And when the soldier pierced the Crucified Lord, as he hung on the Cross, there flowed water and blood.

 

That was the sword, of which Simeon spoke, that pierced the heart of Blessed Mary too: as the 13th century hymn, Stabat Mater, puts it:

 

Through her heart, his sorrow sharing,

All his bitter anguish bearing,

now at length the sword has pass'd.

 

The water and blood, flowing from the Sacred Heart of Jesus, signifies life and sacrifice.

 

When a child is born there is water and there is blood.

 

In baptism – itself a birth - there is water; in the Eucharist there is blood: both of which graft us into the Body of Christ, so that we share in his offering to the Father.

 

Just as Jesus Christ is human and divine so we are to shape our lives as human beings in the way of the divine, of God.

 

This is what is meant by those words in the Collect today, that Christ came and was presented ‘in substance of our flesh’: the fullness of divinity and fullness of humanity meet in his body; he is the New Temple, the Temple to be destroyed and raised on the third day as told in St John’s gospel:

 

Jesus, looking at the temple in Jerusalem, said: “Destroy this temple, and in three days I will raise it up.” The Jews then said, “It has taken forty-six years to build this temple, and will you raise it up in three days?” But he was speaking about the temple of his body. (John 2.19-21)

 

St Paul teaches that your body is a Temple.

 

Your body is the meeting place of divinity and humanity.

 

Your body is a temple; it is also a sacrifice.

 

That doesn’t mean you’re going to be slaughtered; it means you’re going to offer yourself in service of God in his world and in the lifting up of your heart in worship.

 

Lift up your hearts.
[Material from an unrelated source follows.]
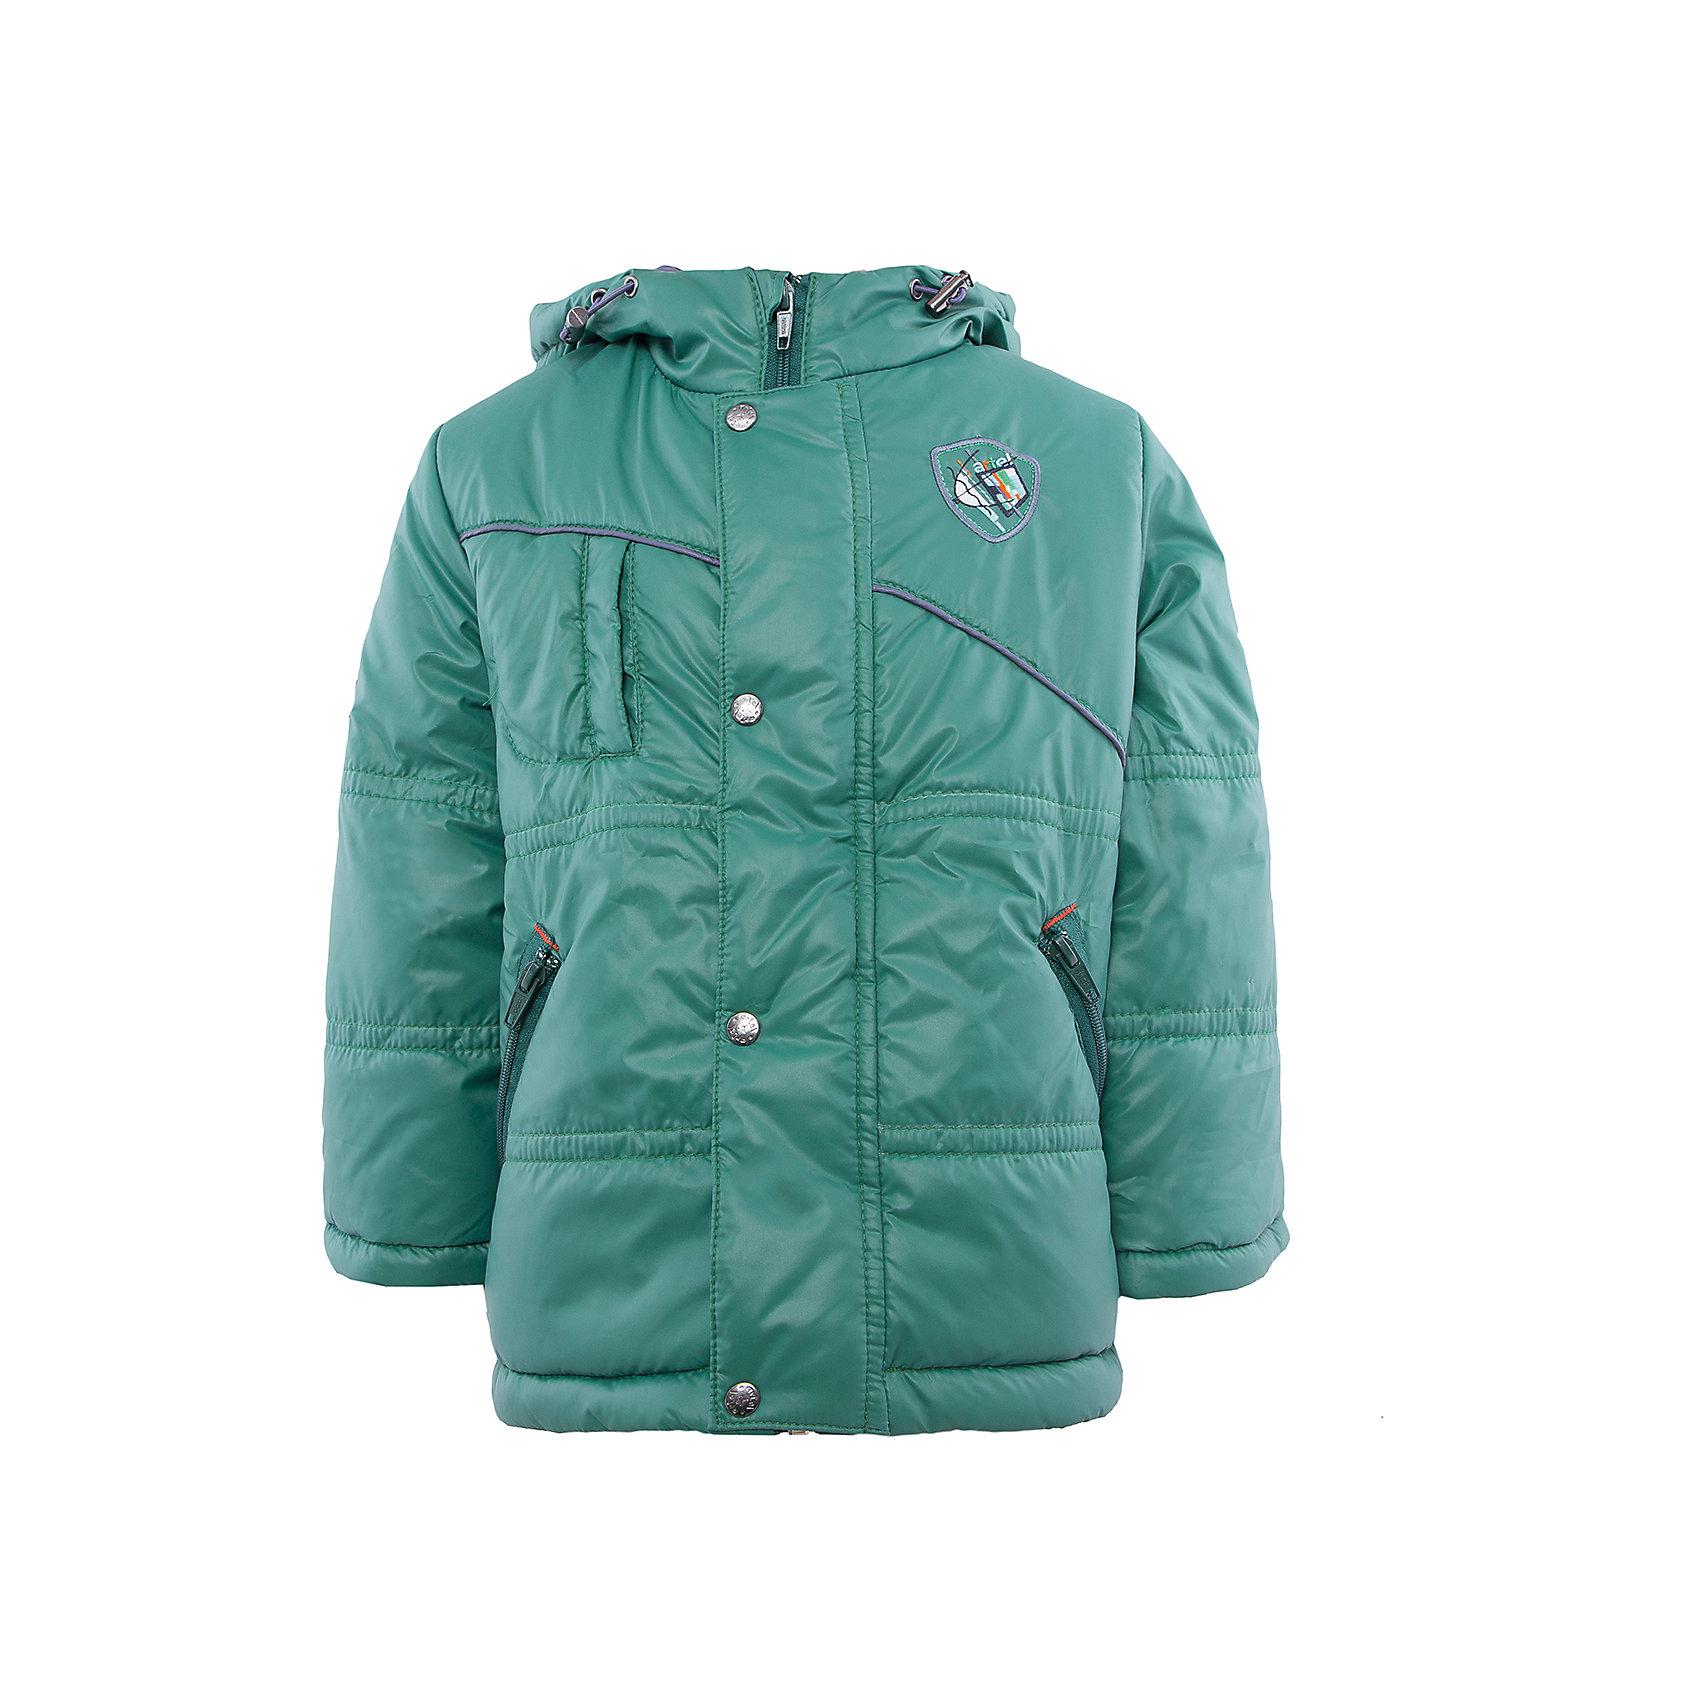 Куртка для мальчика АртельКуртка для мальчика от известного бренда Артель<br>Куртка прямого силуэта. Капюшон втачной с регулируемой кулиской. Манжета рукава отворотная, регулируется по длине. Но низу куртка собирается на резинку- кулиску.<br>Состав:<br>Верх: 819 YSD<br>Подкладка: интерлок,тиси<br>Утеплитель: термофайбер 200гр<br><br>Ширина мм: 356<br>Глубина мм: 10<br>Высота мм: 245<br>Вес г: 519<br>Цвет: зеленый<br>Возраст от месяцев: 24<br>Возраст до месяцев: 36<br>Пол: Мужской<br>Возраст: Детский<br>Размер: 98,104,110,116,122<br>SKU: 4963596

We lift them to the Lord.

 

Our collect today prays that ‘we may be presented to [God] with pure and clean hearts’.

 

This is how St Paul puts it, connecting the offering of ourselves to God and away from the corruptions and machinations of the world:

 

I appeal to you therefore, brothers [and sisters], by the mercies of God, to present your bodies as a living sacrifice, holy and acceptable to God, which is your spiritual worship. Do not be conformed to this world, but be transformed by the renewal of your mind, that by testing you may discern what is the will of God, what is good and acceptable and perfect. (Romans 12.1,2)

 

The human body, in Christian tradition, is precious, honoured, not to be sullied or abused.

 

It’s why we carefully treat a dead body and recognise crimes against the body: it’s why every body matters.

 

We come as members of the Body of Christ, drawn by the Holy Spirit, presenting ourselves at the altar so that in turn we receive the Body of Christ.

 

So let us also, gathered together by the Holy Spirit,

proceed to the altar of God to encounter Christ.

There we shall find him

and recognise him in the breaking of the bread,

until he comes again, revealed in glory.